Instructions for the task: With the images removed, write out every line below exactly.

Raw data:
----
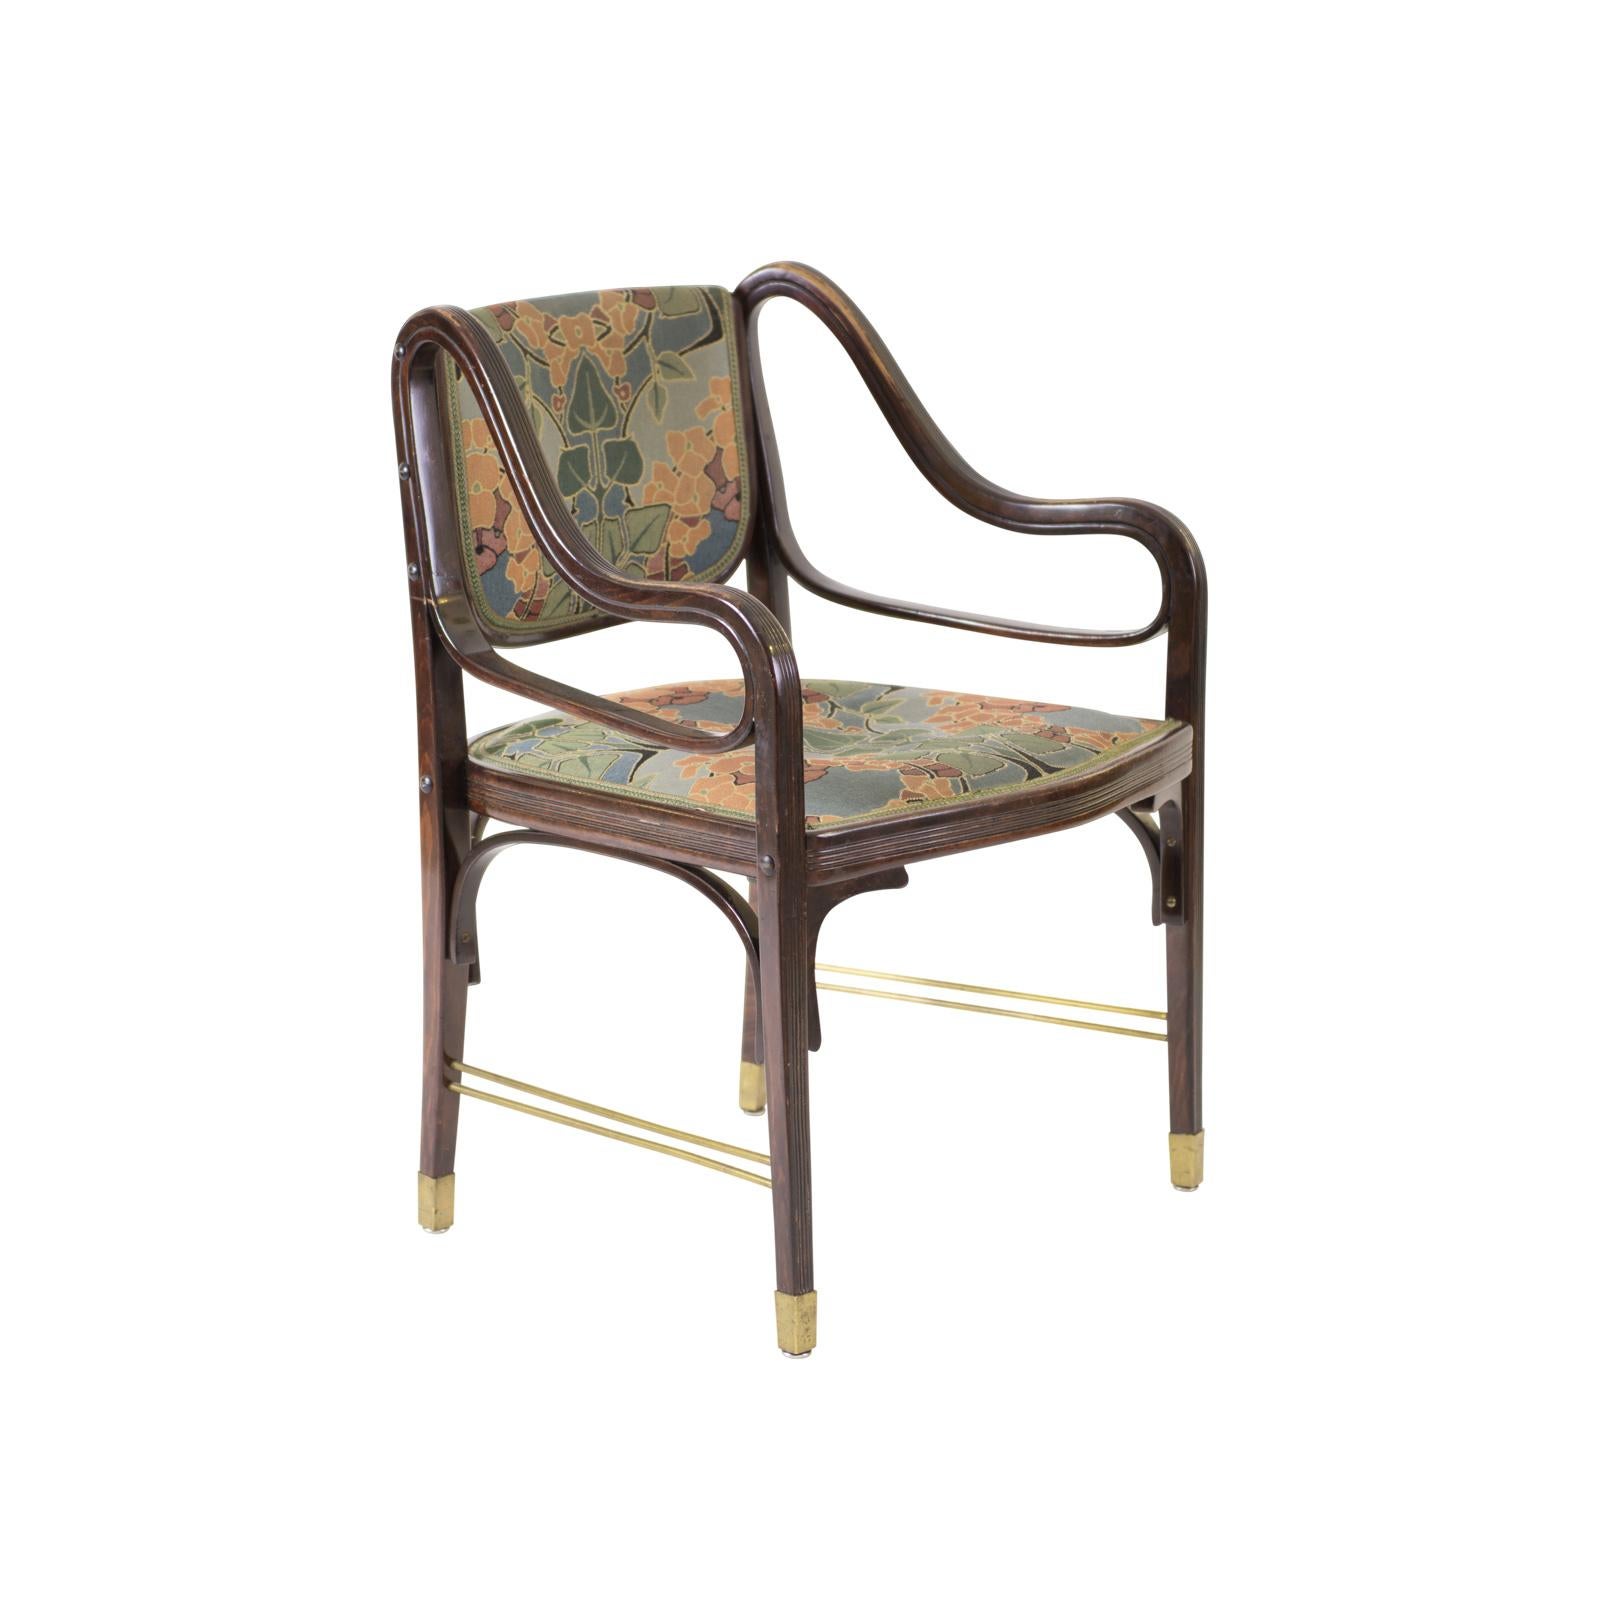 Pionnier et maître du Modernisme, Otto Wagner s'est emparé de la technique alors assez nouvelle du cintrage du bois pour concevoir ses meubles.
Parfois, ces meubles sont également attribués à Koloman Moser.
La conception de cet ensemble remonte à
----
Written answer:
 Pionnier et maître du Modernisme, Otto Wagner s'est emparé de la technique alors assez nouvelle du cintrage du bois pour concevoir ses meubles.
Parfois, ces meubles sont également attribués à Koloman Moser.
La conception de cet ensemble remonte à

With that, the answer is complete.